— DATA SEGMENT —

-- -- --

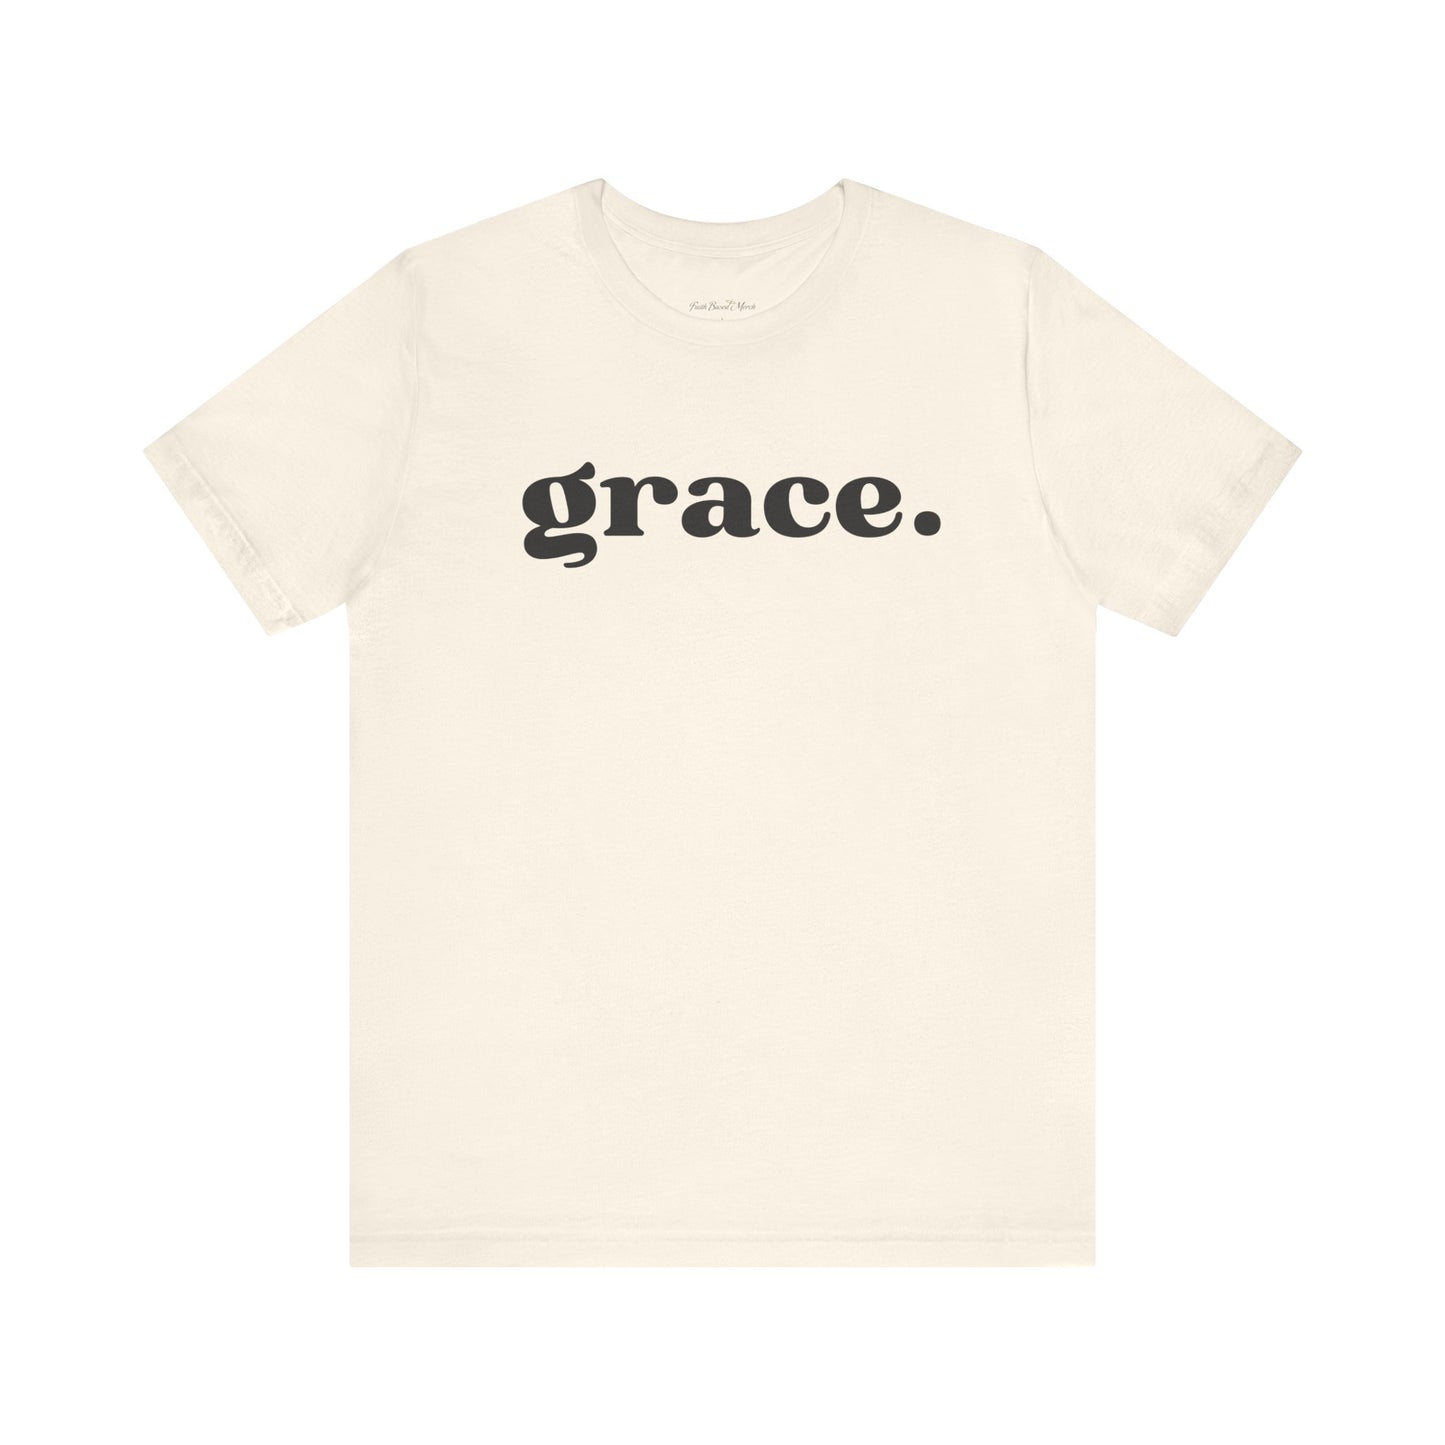 Grace T-Shirt - Natural/Black
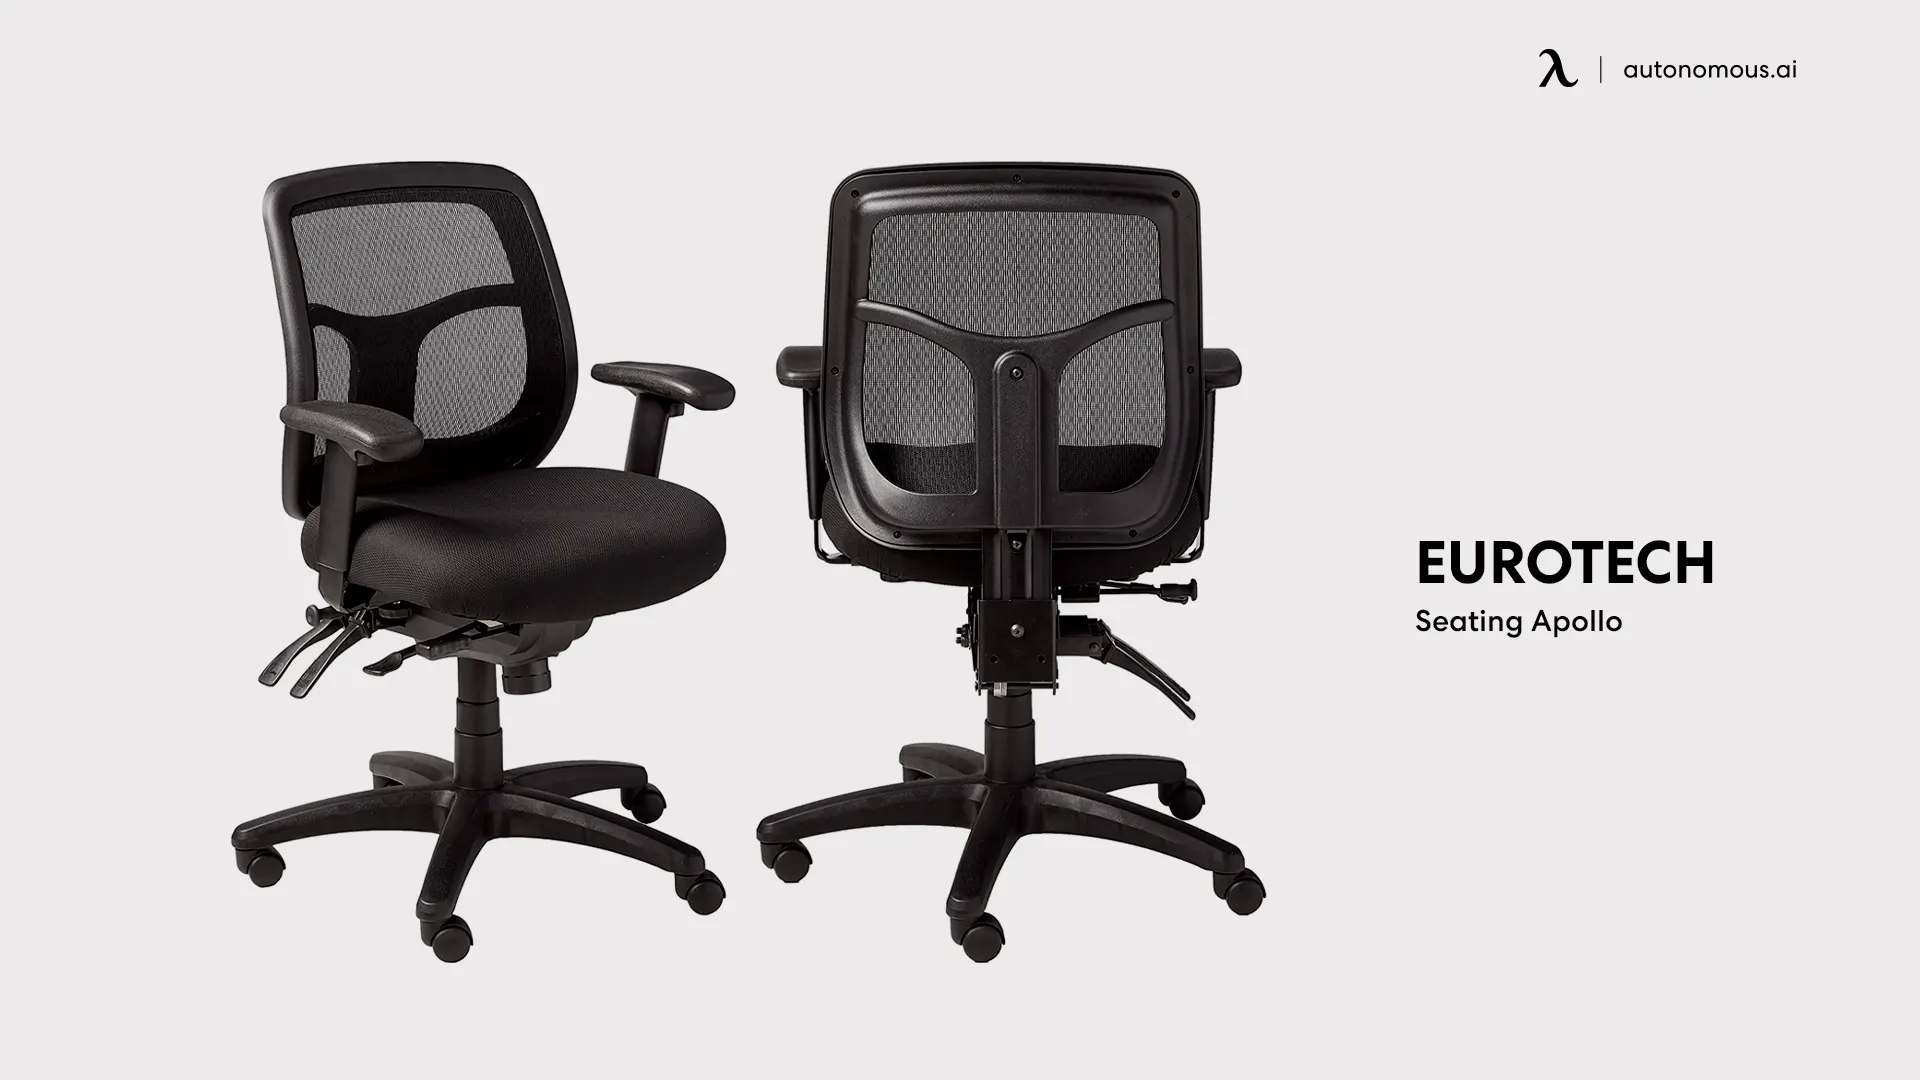 Eurotech Seating Apollo drafting stool
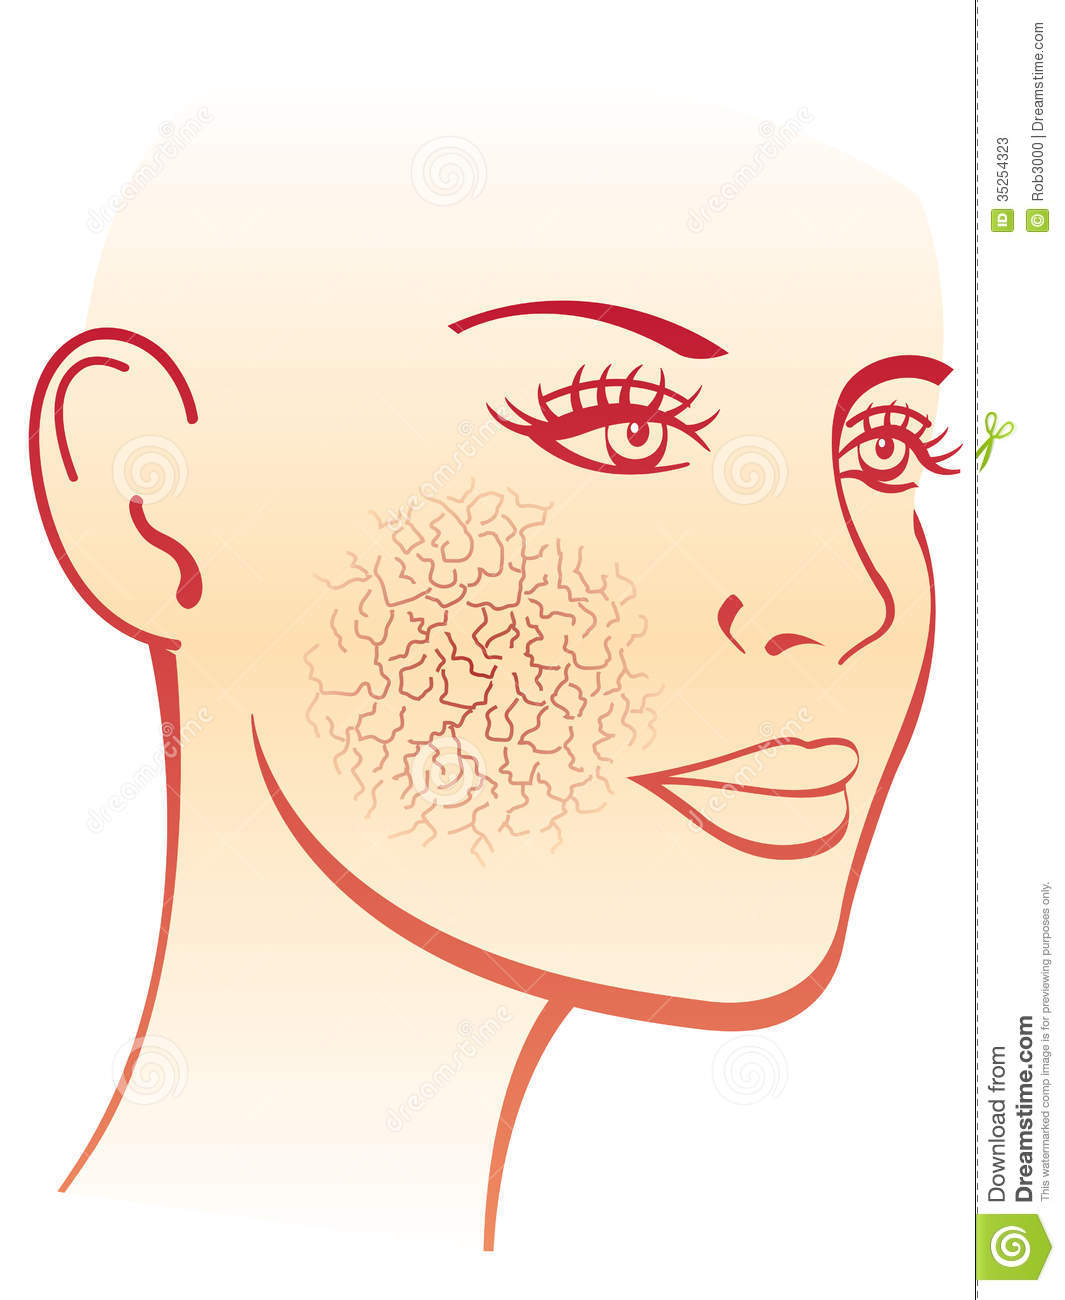 Simbolic Medical Illustration Of The Effects Of Dry Skin

-- -- --

— TASK DIRECTIONS —
An exact copy of the lines from the line containing "Eurotech Seating Apollo drafting stool" through the final line of the listing, without pictures, is the expected result.

— SOLUTION —
 Eurotech Seating Apollo drafting stool
 Simbolic Medical Illustration Of The Effects Of Dry Skin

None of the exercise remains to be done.